Nel 2017 vado al nord

Dico che dal 2017, ho dovuto lasciare i miei cari e sono andato a cercare un lavoro al nord. Mi sono diretto in un’altra bellissima città, Ravenna, dove sono riuscito a trovare lavoro, dopo tante richieste, a tempo determinato, per pochi giorni. Accettai perché era un lavoro che mi piaceva, sia perché quando lavoro ci metto l’anima, sia perché era nel mio settore, informatica, che faccio a 360°, ambito programmazione. Dopo un breve periodo, mi rinnovano il contratto, sempre mese dopo mese (a volte anche 2 mesi, inizialmente con agenzia interinale, e poi direttamente con loro). L’ultimo contratto con scadenza ai primi di agosto. Sono ritornato in Sicilia, dai miei genitori, che furono contenti che io fossi andato a trovare un lavoro.

Una vita da precario

Mi richiama la stessa azienda con lo stesso contratto. La difficoltà che si incontra è quello di trovare, soprattutto da distanza, un appartamento anche piccolo, per brevi periodi, perché tutti i proprietari di casa vorrebbero qualcosa di più a lungo. Sono riuscito a trovare una persona che per 2 anni mi affittasse per 2-3 mesi, perché era quello che gli potevo garantire, e non di più, visto il tipo di contratto di lavoro. Riuscivo a portare l’affitto, sempre verso fine maggio, così come il lavoro, che prorogavo fino al 20. Alla fine del discorso mi dissero, che non mi avrebbero potuto fare un contratto né a lungo termine, e né tanto meno a tempo indeterminato.

L’Italia si blocca. E io?

Così quest’anno rifiutando l’ennesimo contratto che mi proponevano, ho accettato una supplenza a scuola come Assistente Tecnico in un laboratorio, sempre a Ravenna, dove ho fatto richiesta come ATA. Per 15 giorni full time, dopo, part-time, 2 ore al giorno, perché mi piace il lavoro a scuola. Il mio grande sogno di lavorare a scuola, forse si avverava. La solita problematica dell’affitto, comunque anche questa volta, con molta fatica, girando a destra e a sinistra, sono riuscito a trovare un appartamento. Adesso arrivo al dunque, dopo tutta questa premessa: con giusta causa, si è bloccata l’Italia. Però non si è reso conto che gente come me, con contratti a termine, hanno la problematica di continuare a stare dove si trova.

Un’odissea kafkiana

All’inizio, a febbraio, non avendo tante problematiche, in quanto ancora ben lontano dal blocco, già iniziavo a chiedere in segreteria, quanto ferie mi spettassero, perché avevo pensato di ritornare in Sicilia il 1° di aprile, e chiedendo anche se fosse possibile qualche giorno di ferie non pagate. Ero preoccupato per eventuali blocchi. Prima della metà di marzo, visto che ancora si lavorava, richiesi nuovamente in segreteria, perché dovevo fare il biglietto per rientrare a Palermo. Così iniziai a chiamare per informarmi se fosse possibile prendere la nave, a Livorno o a Civitavecchia.

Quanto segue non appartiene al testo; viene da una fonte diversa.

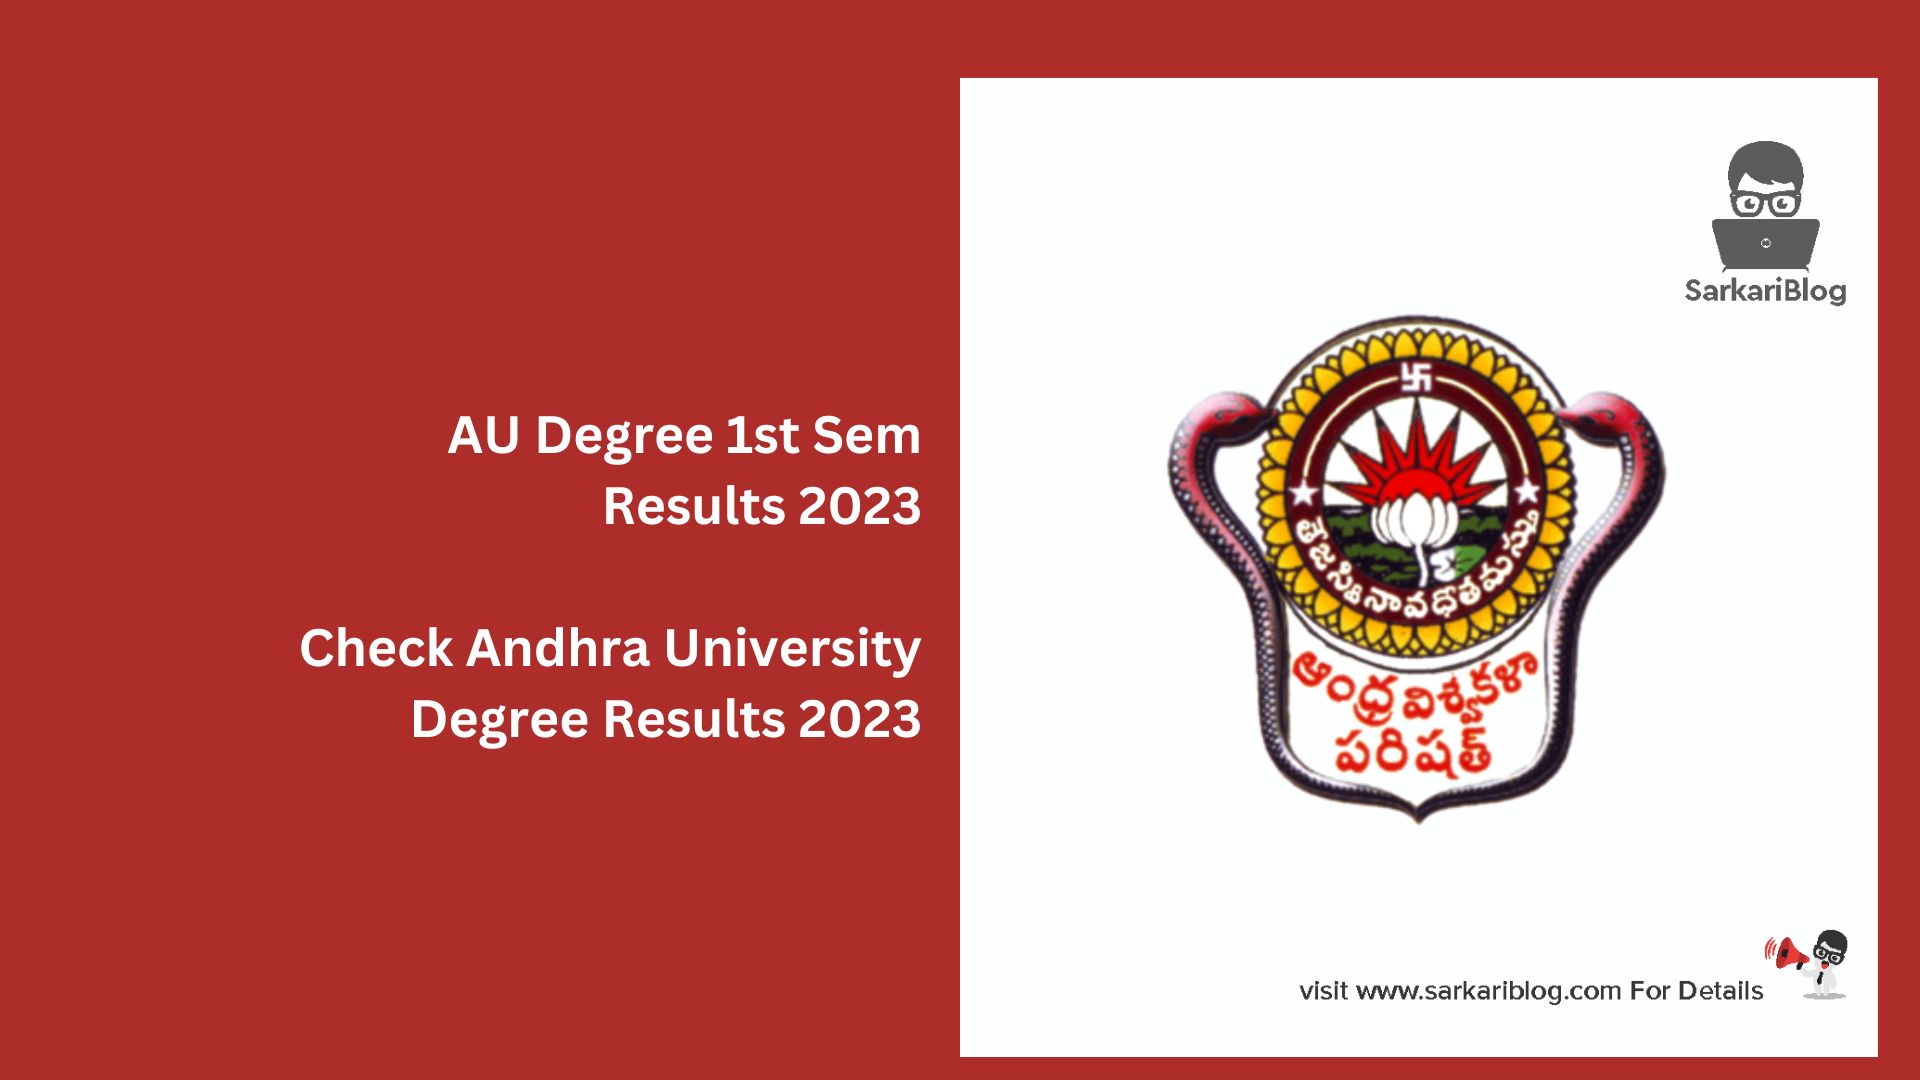 AU Degree 1st Sem Results 2023

Decine di telefonate a tutti

Le aziende mi risposero che per adesso era tutto regolare, così pure la protezione civile siciliana. Chiamai anche il 112, dicendo le mie problematiche, e loro mi risposero che di lì a fine contratto, il 19 aprile, non si sapeva nulla. Chiamai il numero messo a disposizione nel sito dell’Emilia Romagna della protezione civile; stessa risposta. Il colpo più grande quando l’Italia si è fermata. Il presentimento si avverava. Il 28 marzo andai dai carabinieri personalmente, riferendo la problematica, sia della fine del lavoro, sia che avrei dovuto lasciare l’appartamento, anche perché non lavorando non avrei potuto pagare. Mi dissero che ancora era presto e di qua al 19 si sarebbe potuto sbloccare il tutto. Mi chiesero di ritornare dopo il 3. Io risposi che sarei ritornato il 6. Ecco, questa è la settimana fatidica, dove è iniziato il mio calvario. Il 6 aprile ritorno dai carabinieri, rispiegai la problematica dell’affitto e della fine del contratto, e non avrei potuto, e soprattutto, non sarei voluto, ritornare in Sicilia. Mi dissero che io potevo ritornare in Sicilia, perché era contemplato dal decreto. Loro mi rassicurarono che con un foglio rilasciato dai carabinieri, e presentandomi ai colleghi dello stretto, io sarei potuto passare.

Dormo in strada? O in galera?

Avevo sentito, che forse era difficile traghettare, ed avevo paura che arrivando a Villa San Giovanni, non avrei potuto. Non mi sentivo di fare un così lungo viaggio con il punto interrogativo. Dovevo solo garantire una residenza dove fare la quarantena, ripresero. Io a quel punto, ho pensato subito ai miei genitori, perché la quarantena, l’avrei dovuta fare nella mia residenza. Gli ribadii che non sarei voluto ritornare, e per il 15 sarei stato costretto a rimanere in macchina, proprio vicino all’entrata dei carabinieri, cosicché, mi avrebbero portato in galera, per avere un posto per dormire. Mi dichiararono che il proprietario non mi poteva far andare via, lo diceva la legge. Spiegai che non avrei potuto pagare l’affitto. Mi dissero di mettermi d’accordo con il proprietario, e me ne andai. Non essendo contento della situazione dal 7 ho iniziato a fare un giro di telefonate.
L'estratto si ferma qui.